Adams notes further that messaging telling feminists that they should be vegan, or that they shouldn’t consume animal products, is not really feminist at all. “Should, should, should—this is not liberation, telling feminists they should do anything,” she says. “You take something that’s a really robust, and—I’d like to think—inclusive theory, and you reduce it down to ‘you’re a woman, you shouldn’t drink milk.’ So you’ve got an almost anti-feminist stance, appealing to feminists,” she explains. “The whole point was we grew up in a world that was telling us everything we should do as girls and then women. Let’s get rid of the ‘should.’ Why can’t we trust people to experience a change in consciousness by receiving information?”

An important part of that information, says Adams, “is recognizing that we live in a society structured on oppression,” and recognizing what brought animals and certain groups of people to this state of oppression in the first place. “We have to look at where this started: white, patriarchal, colonial powers, importing cows to the land that is now North and South America,” she says. “Midwestern destruction of the land, and the people who lived on it, and the near extinction of the buffalo; it’s all related to a cow culture—we live in a fetishized cow culture.”
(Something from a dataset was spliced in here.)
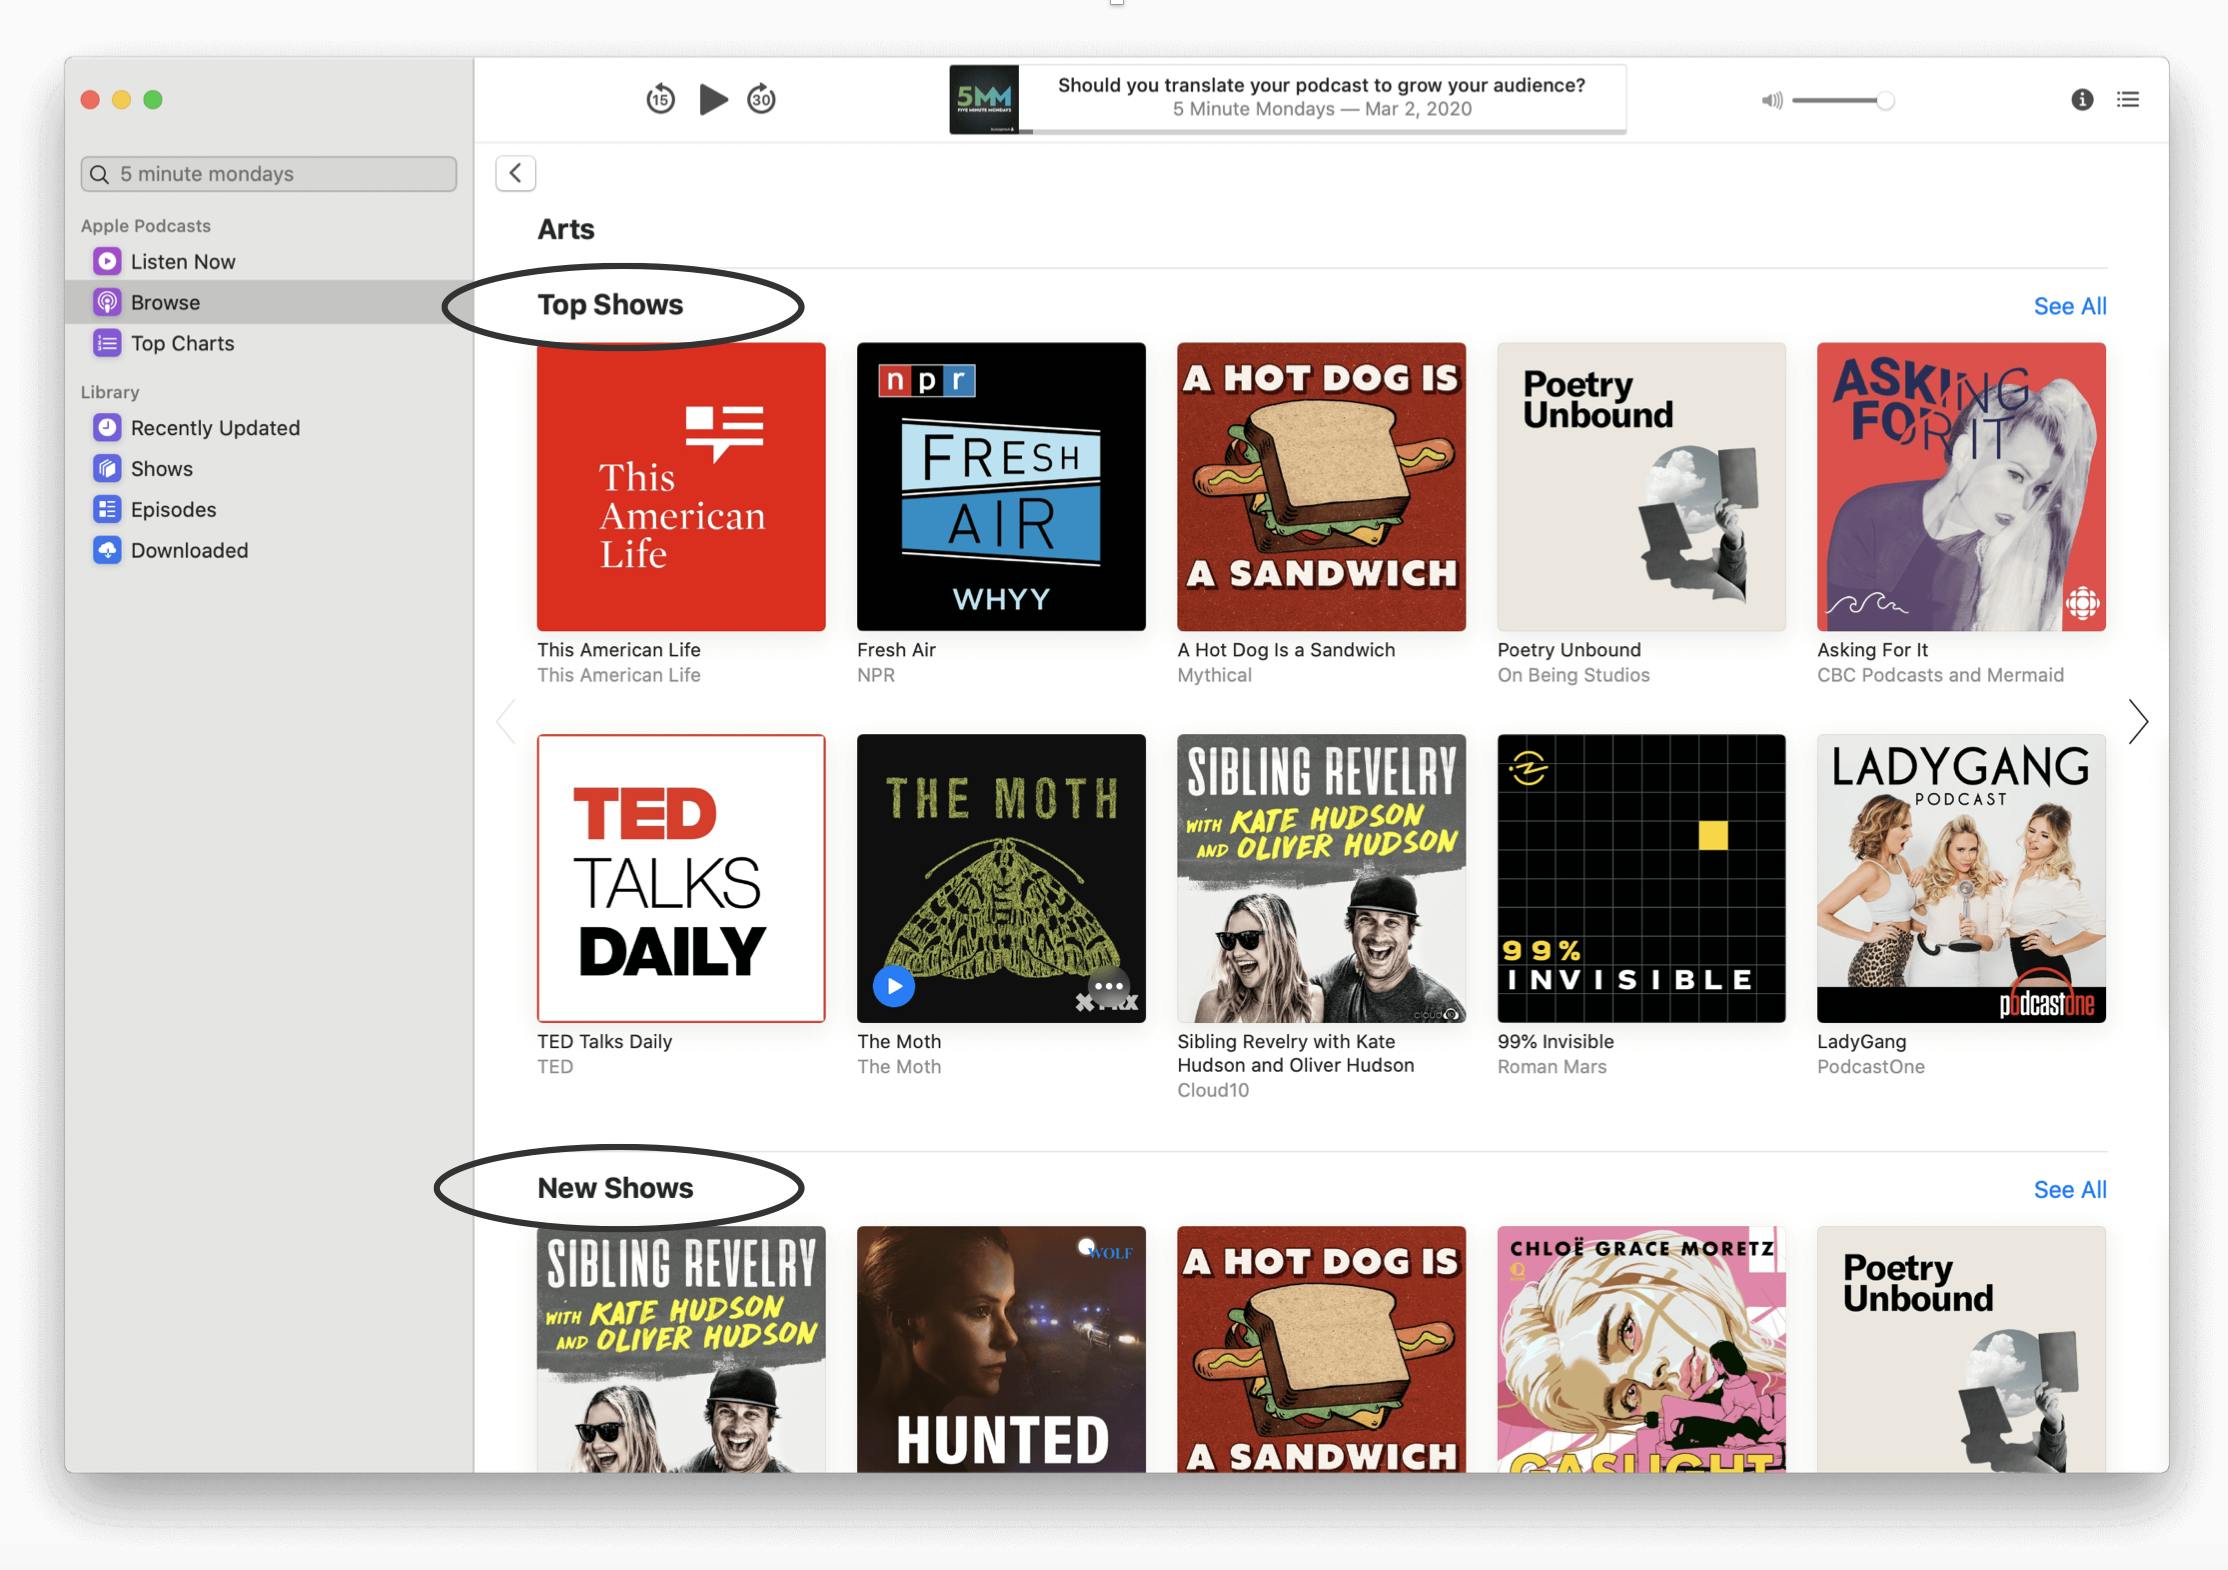 Subcategories circled within Apple Podcasts

White, male, colonialist patriarchy is further responsible, states Adams, for “creating a value in animal products, for imposing a view about animal protein, and creating an almost xenophobic disparagement of non-animal proteins. This idea that you have to survive on cheese or milk or the dead body of a domesticated cow, it’s all part of the creation of both national and gendered identities that, at this point, in the 21st century, we should be challenging.”

To take on that challenge, Adams asserts that we can look to feminist theory and analysis about violence, about objectification, about overlapping oppressions, and apply those perspectives “to a discussion of those beings on the other side of the species division.”

“Settling for analogies derived from feminist activism, or making appeals of ‘femaleness,’ instead of invoking feminist theory, reduces feminism to a cudgel,” she says. “The road to feminist-veganism is not through #MooToo.”